Head of Design

4 min readDec 28, 2023

What I do at Paystack

There’s no consensus on what a Head of Design does. The title is just as new as the post-YC technology scene in Nigeria and most people are the first to hold this position in their company.

Design is also an umbrella term for a variety of disciplines, so the role is a unique blend of what the company does, the person’s experience and the structure of the organisation.

But I imagine there are similarities across context. As a designer, my job is to deliver great experiences to customers. As a leader, I’m expected to positively influence the business. And as a design leader, my goal is to build a great team. If you ask me, that’s the big idea.

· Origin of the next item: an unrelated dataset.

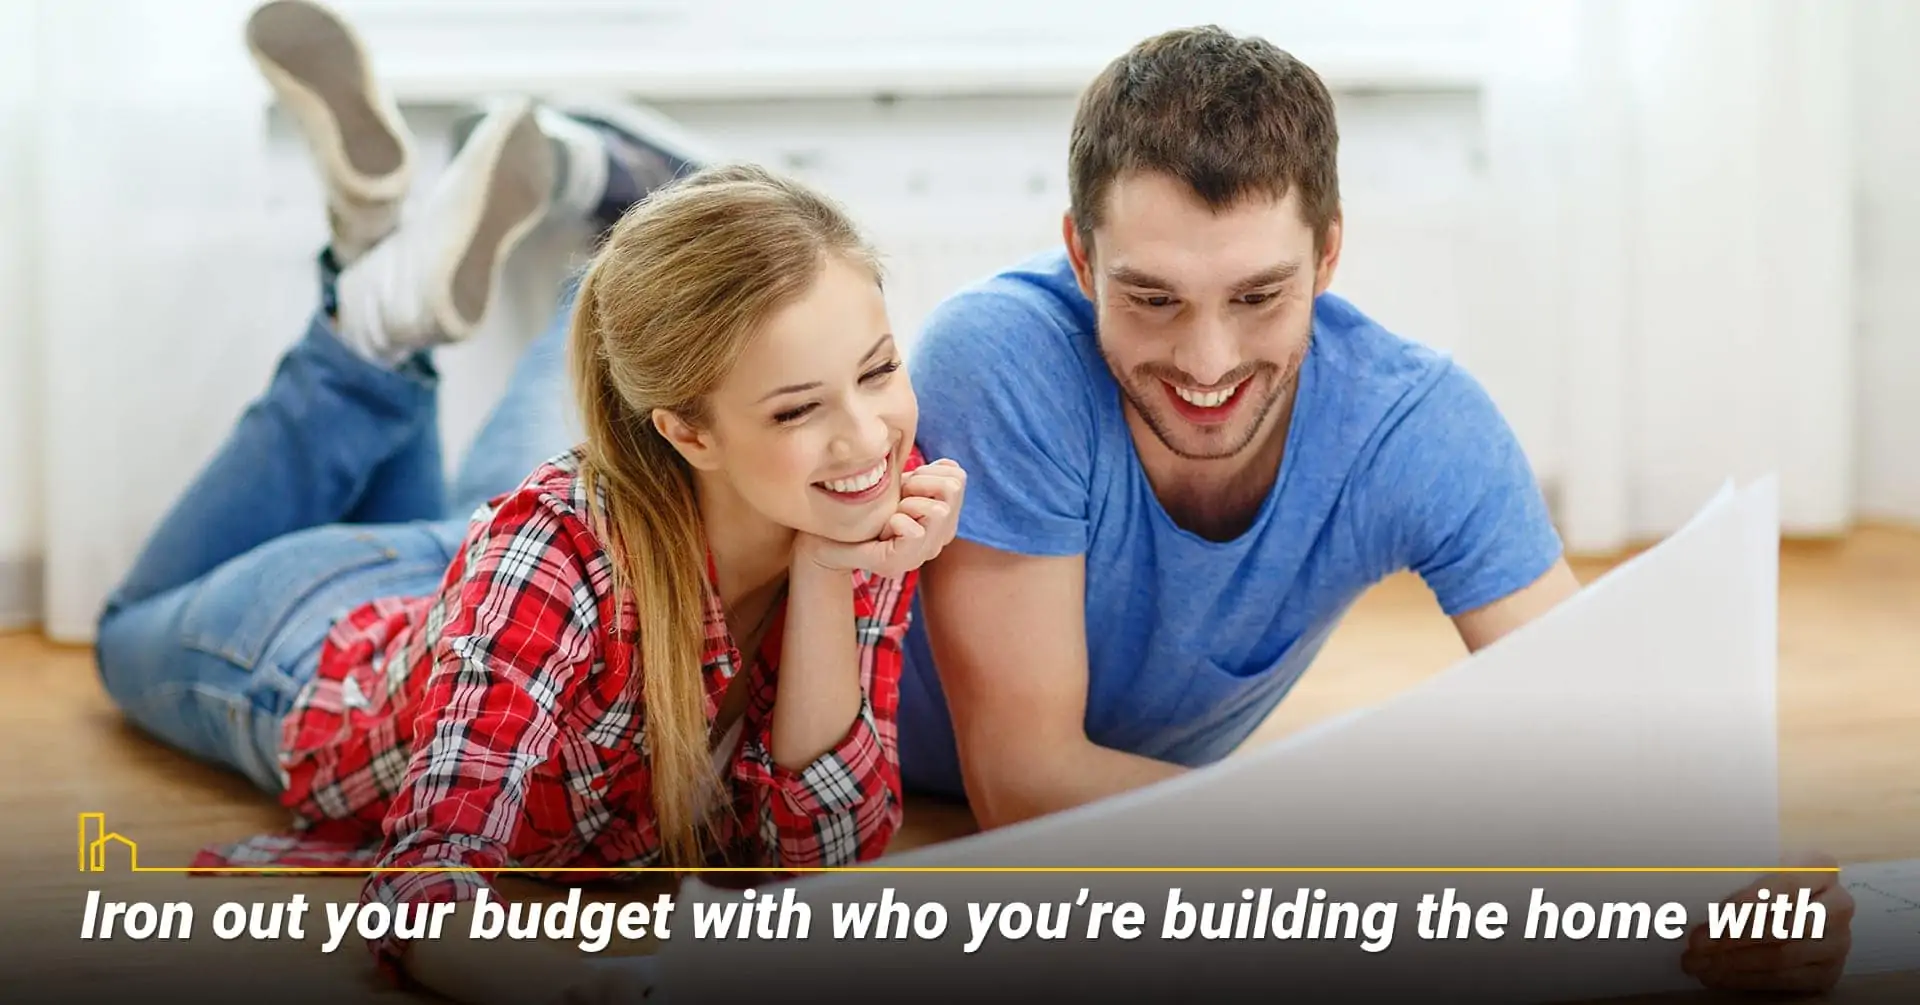 Iron out your budget, start by reviewing your budget

To go into detail, my responsibilities as Head of Design at Paystack fall into four broad categories:

  1. Design Operations
  2. Design Direction
  3. Branding and Comms
  4. User Experience Design


Paystack is constantly evolving so design work is always in flux. The team needs to be able to respond to these changes and deliver excellent work quarter after quarter. We also need to be intentional about managing our talent and developing our craft. And, for business continuity, all of this needs to happen with or without me.

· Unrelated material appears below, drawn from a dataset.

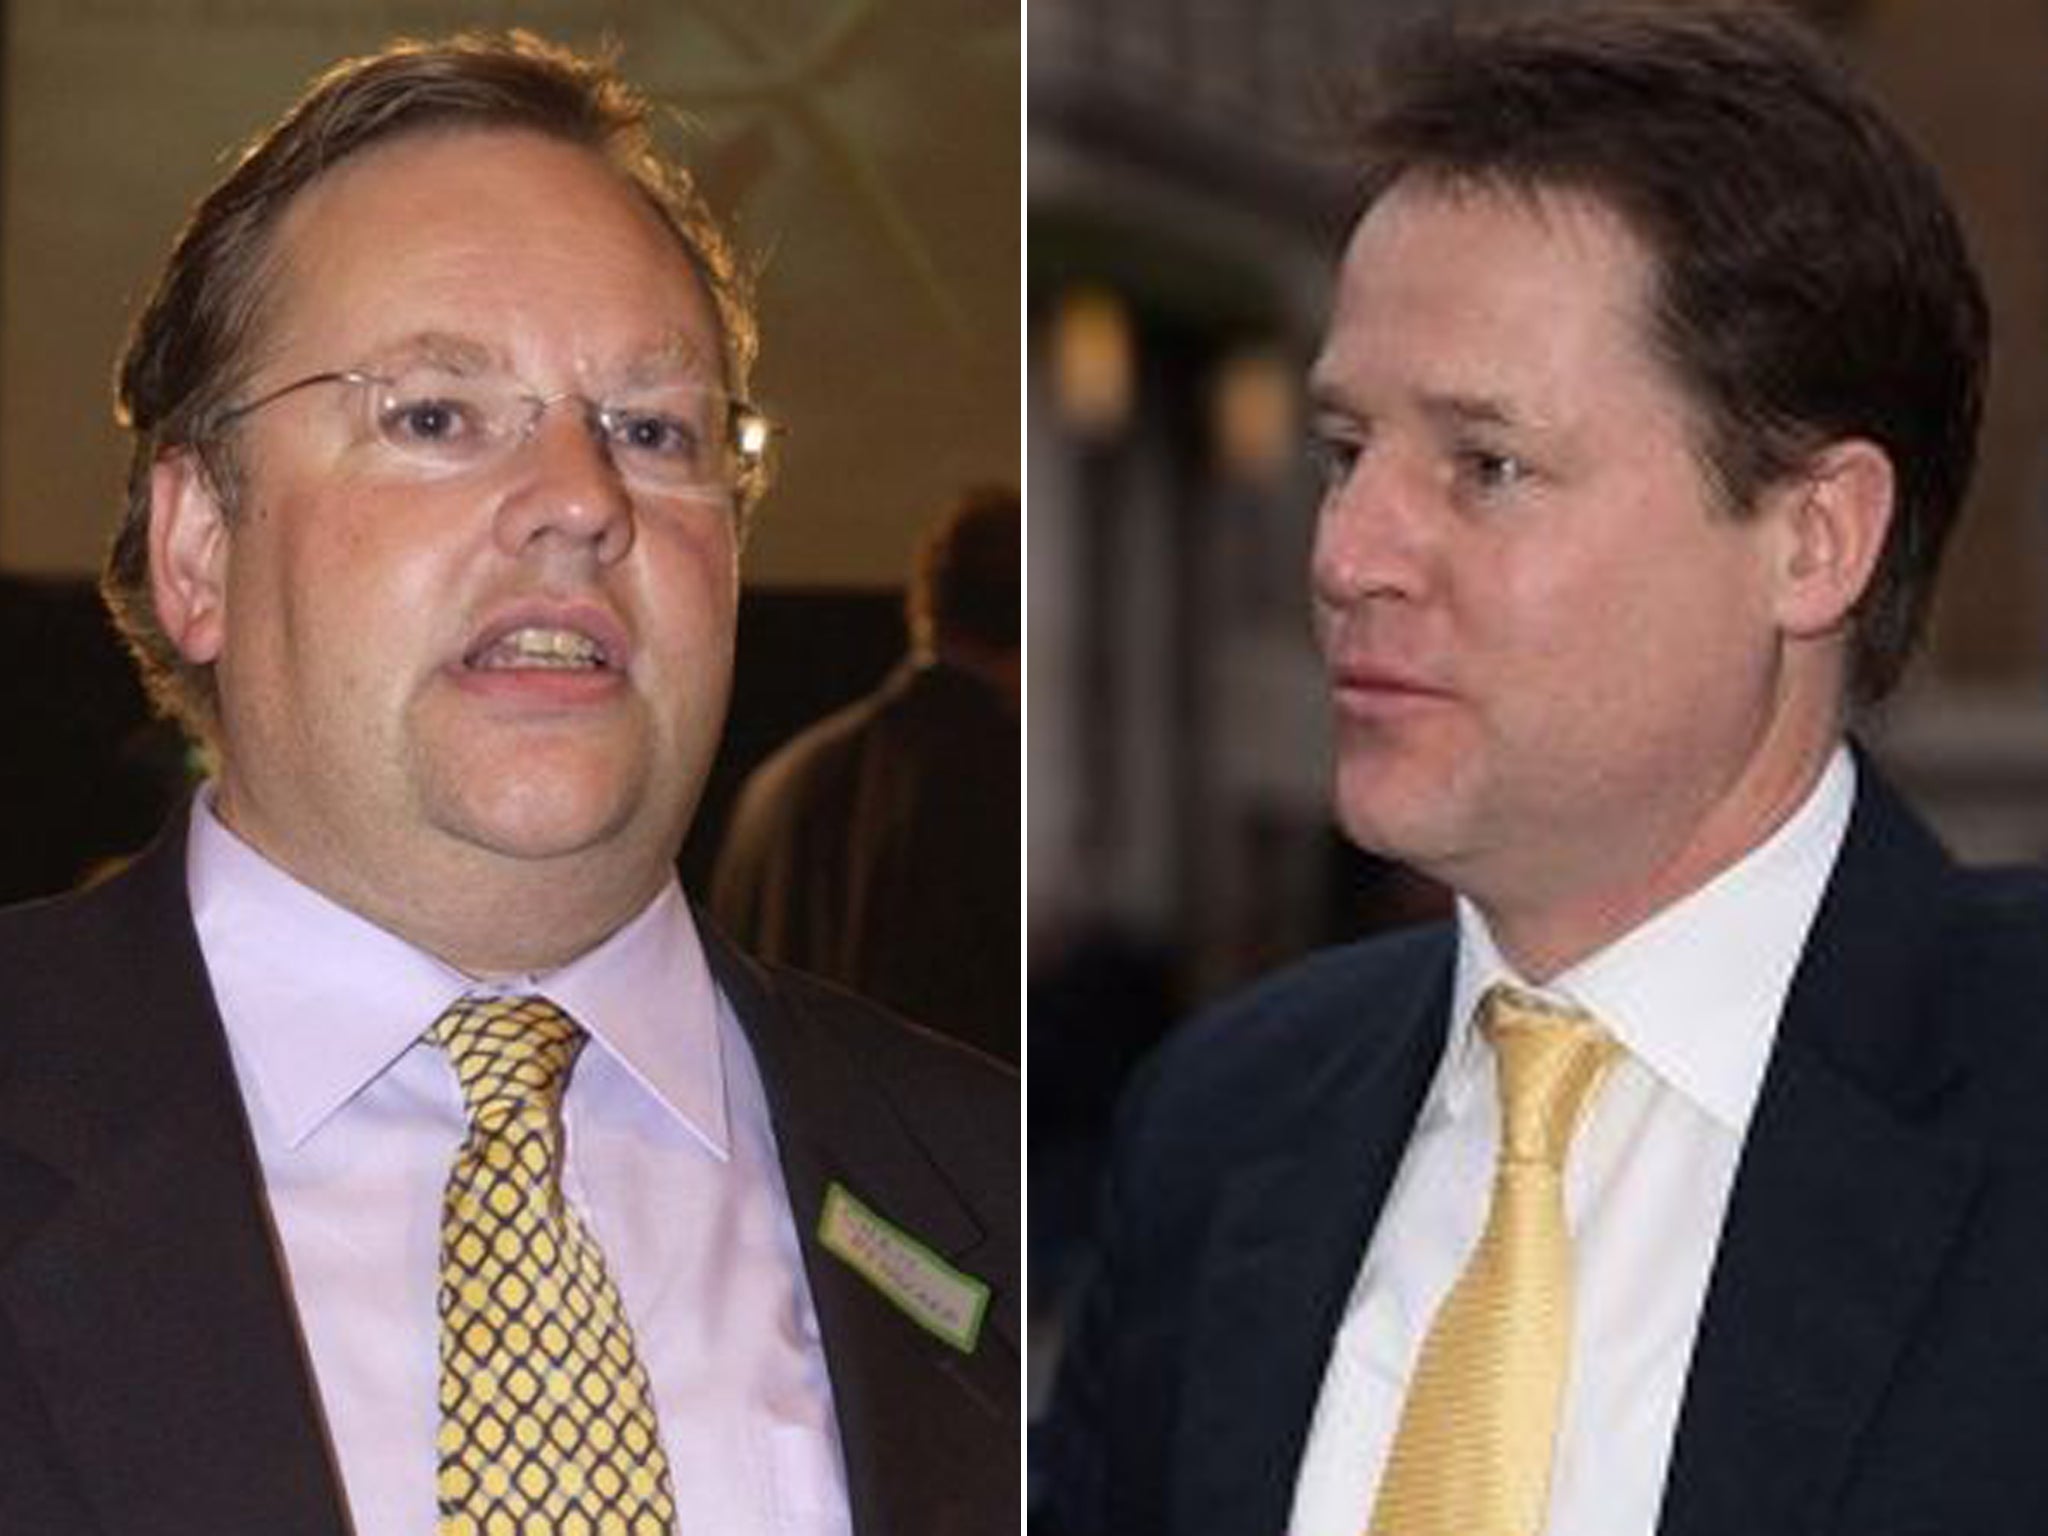 The Lord Rennard issue is increasingly being seen as a test of Nick Clegg's leadership of the Liberal Democrat party

Enter Design Operations. In a larger company (or far future), we might need a full-time team. But at our scale (17 designers), we opted for a working group with 2 design managers and 4 design leads. A few senior designers also stepped up to own specific functions. Essentially, about half the team juggles business deliverables and team responsibilities.

Together we refreshed our documentation, developed a new weekly calendar, redefined design roles, updated our hiring, developed a competency framework, improved performance management, started new learning and development programs, built more brand and product design systems, established a research and inclusive design process, ran a pilot talent program and developed a culture of writing and archiving.

We used the NNGroup’s DesignOps 101 framework as a guide and built out these functions one by one. By bringing the entire team into the process, we also managed to develop operations as a shared responsibility.

As Head of Design, I need to keep this engine running.


As director, it’s my job to align the team towards impact. I need to have a pulse for what customers are experiencing, what the business needs, each designer’s strengths, and juggle all of this context to guide the team towards creating valuable work that moves everyone forward.

The other part is maintaining a high level of craft. As top designer, I’m ultimately responsible for the experience of the Paystack product and brand. If we get it right, every design outcome should be just as great as the most skilled person on the team would produce. This requires a culture of continuous feedback, adaptive systems and honest critique that encourages a collective standard of quality over individual excellence.

Ergo, my role as director is to promote collaborative practice by encouraging positive team values, shaping the design roadmap, aligning design leads, inventing production systems, refining design processes, promoting continuous feedback, sharing good ideas, implementing co-working sessions, organising fireside chats etc.


011b33.com — Design Archive

I also run the Paystack Design Studio, an in-house production studio for branding and marketing communication. Well, technically. For the most part, the studio runs itself and I manage by proxy.

Every colour, image or website you experience as Paystack is made by this team of seven. We produce graphic and motion design assets for social media and marketing campaigns. We also design, build and maintain all Paystack websites, including the content management systems.

The studio relies a lot on local collaboration. We actively look for opportunities to work with independent creators in regions where the company operates.

UX Design

Everyone else is a UX designer, including myself. UX designers are assigned to a product team with PMs, engineers and co. These teams are tasked with either launching a new product, maintaining an existing one or serving a select group of customers.

UX Design covers a lot of disciplines. You need to understand the user need, synthesise a solution, communicate it clearly, design a prototype, test the solution, refine the build, set goals, measure performance and repeat the loop until the need is met or the desired experience is delivered. It requires a lot of commitment and iteration. At any point I’m usually focused on building out the UX for one product or feature while I rely on direction and feedback to influence outcomes for everyone else.

UXD also extends beyond production into distribution and maintenance. I work with teams like Marketing and Revenue to take products to market. I also work with PMs and Data Analysts to proactively study data and get feedback from users to understand what’s working and what to improve.

Of all my responsibilities, I enjoy this one the most. It’s a continuous act of service that also involves a lot of invention.

I wrote this essay for designers at Paystack but then decided to share it publicly as a contribution to the community of self-taught design leaders figuring it out one quarter at a time.

Also, the recent restructuring affected a good number of people on my team who worked really hard to build this structure we have today. I hope you feel proud of your work. Thank you for everything!